You are viewing a plain text version of this content. The canonical link for it is here.
Posted to user@mahout.apache.org by Sebastian Benthall <sb...@gmail.com> on 2012/03/19 02:35:21 UTC

IllegalArgumentExceptions from LDA

Hi all,

I'm trying to use Mahout for LDA but have been getting
IllegalArgumentExceptions like this: https://gist.github.com/2089285

I'm using this script that is based on the cluster-reuters.sh example:
https://gist.github.com/2088888

I've poked around a bit without success but maybe this warning is an
indication of what's wrong:

WARN lda.LDADriver: can't determine number of words; no vectors in
mahout-work-hduser/toy-seqdir-sparse-lda/tf-vectors

Prior to that, I see that I get this message:
INFO common.HadoopUtil: Deleting
mahout-work-hduser/toy-seqdir-sparse-lda/tf-vectors

which I guess explains why there would be no vectors in that directory.

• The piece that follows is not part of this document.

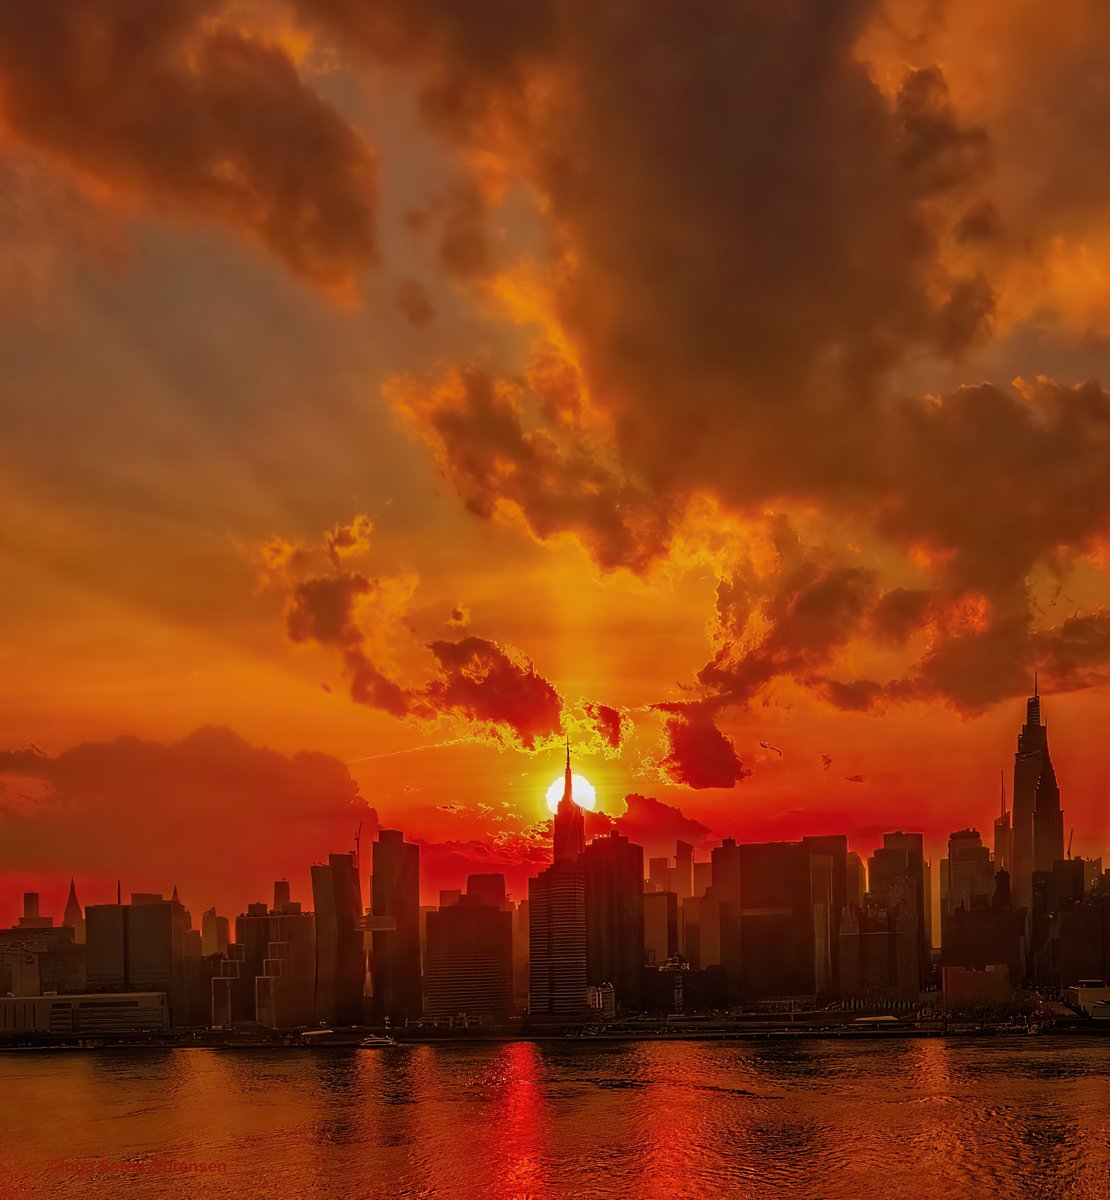 Splash of fiery gold in the #sunset skies above #NYC tonight. #NewYork #NewYorkCity

Is this expected behavior?

The only other thing I can think of is based on the comment of this method
that seems to be generating the warning.
http://mail-archives.apache.org/mod_mbox/mahout-commits/201109.mbox/%3C20110930114400.9DC732388A02@eris.apache.org%3E

Is the problem that I don't have enough documents?  I was using a toy data
set before, and have been throwing other things into my document directory
to fill it out.  It hasn't solved the problem.

Thanks in advance,
Seb